Fox, sporting the sleek fur of summer.
And defying a myth with every footstep. Long painted as a night-loving creature, foxes take a relaxed approach to the idea of ‘nocturnal’ – which is to say, they will be active whenever they feel like it. I’ve seen more foxes in sunshine than I can possibly recall, from the urban fringe to quieter corners in the countryside, the deserts of India to the boggy forests of the Canadian east.
In some seasons, being up in daylight is a real advantage. Field voles, which foxes are very fond of hunting, are more active during the day in frosty weather, and their predators follow suit. Other food sources like berries are of course available around the clock. There are subtle social pressures too; I’ve known several low-ranking foxes who visited gardens in daytime to avoid domineering peers. However, a sunny greenhouse roof is a quite sufficient excuse for most foxes to be visible in daylight.
And on an artistic note, day and night give different shows on the trailcam.

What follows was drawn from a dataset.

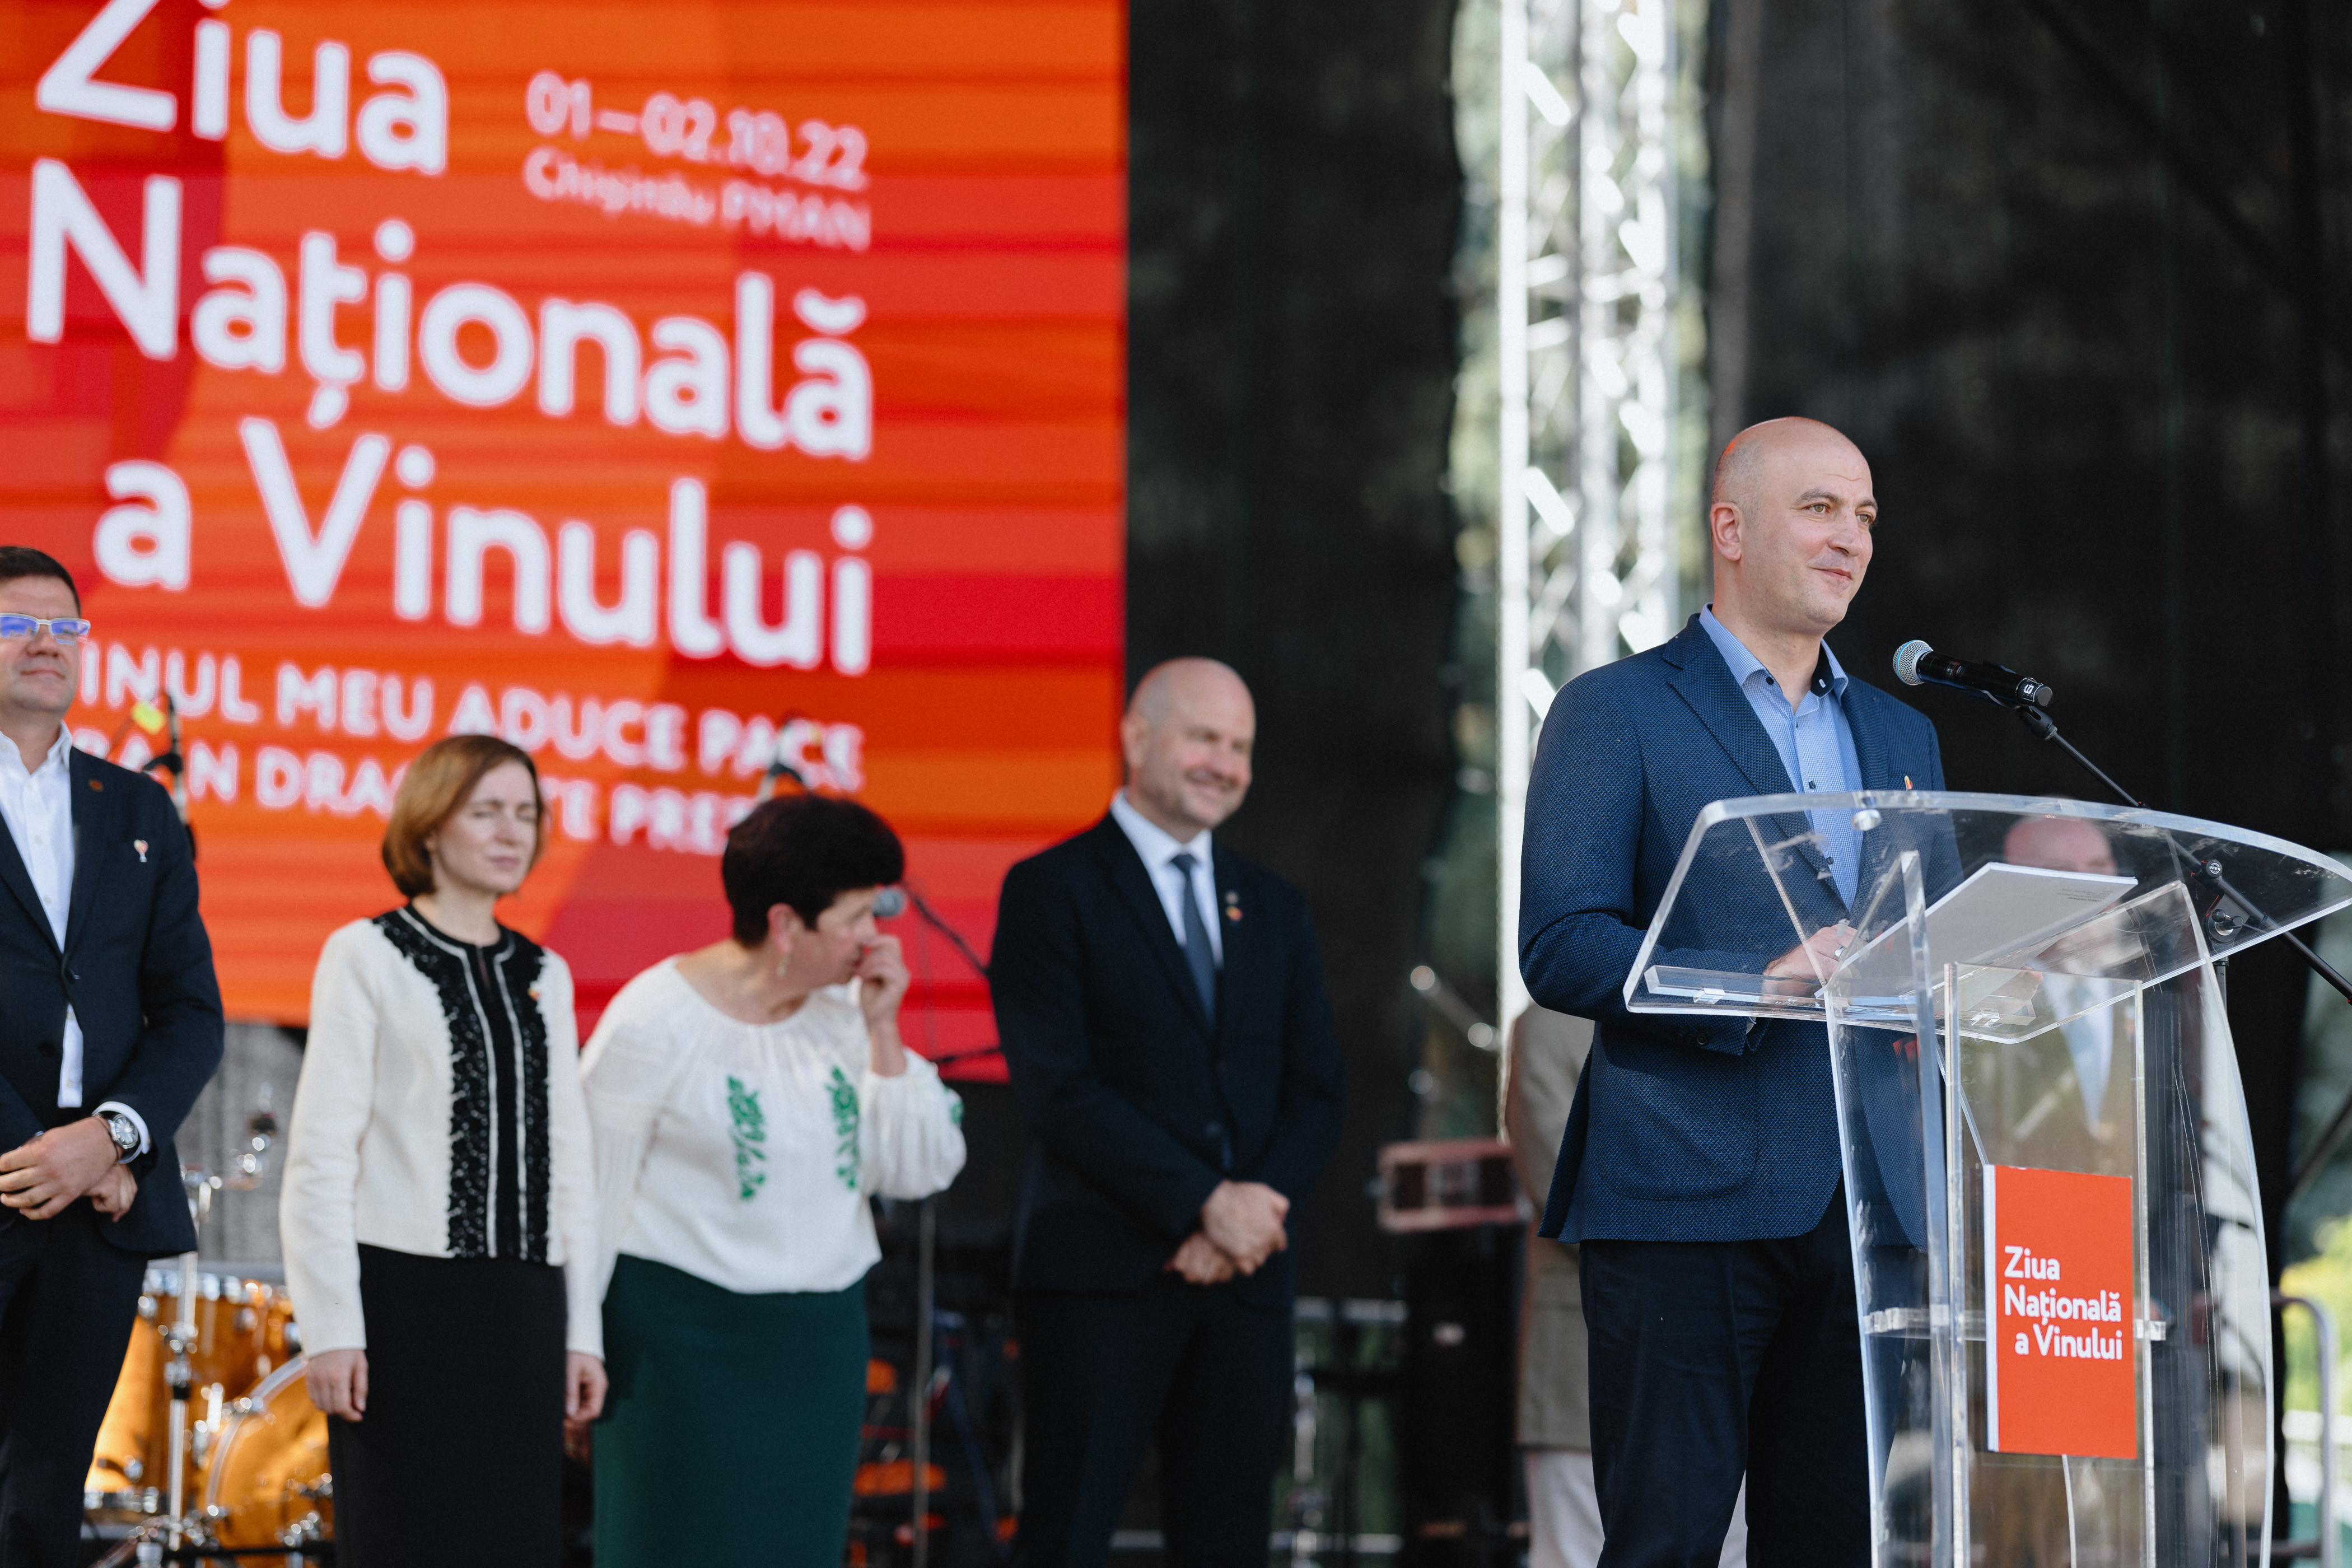 Giorgi Shagidze, Președintele maib, la ceremonia de inaugurare a Zilei Naționale a Vinului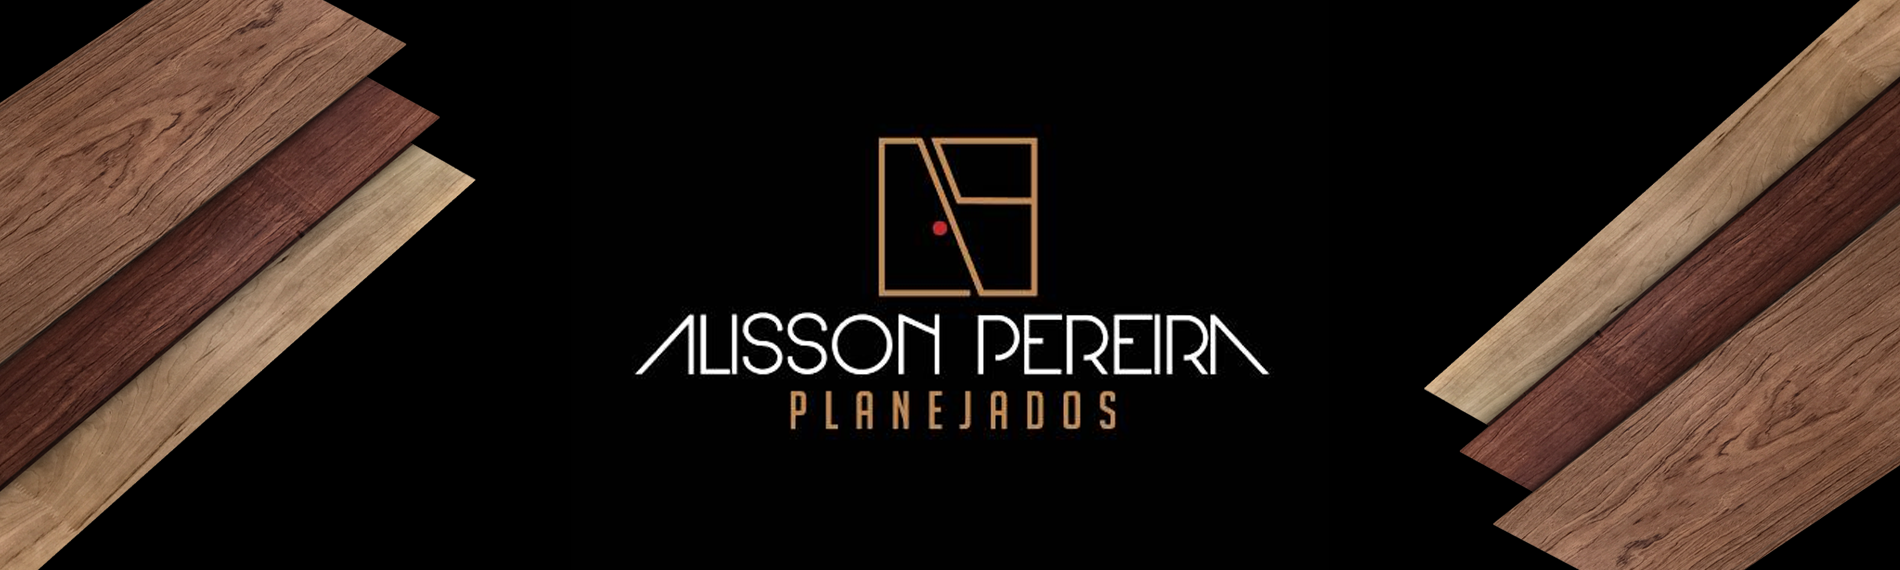 banner da empresa Alisson Pereira Planejados

Badgers are a different matter. They embody dusk; only rarely I have seen them leave the vicinity of their sett before it, and then in circumstances far removed from the easy mood of a diurnal fox – looking for food in extreme drought, or on the run from other badgers. I’m pleased that the badgers in the wood have been coping with the extreme weather, and as you can see, no leaf cover will stop them extracting their invertebrate prey.
As for the roe deer: in quiet corners, they too can be found at any hour. Admittedly not usually this close.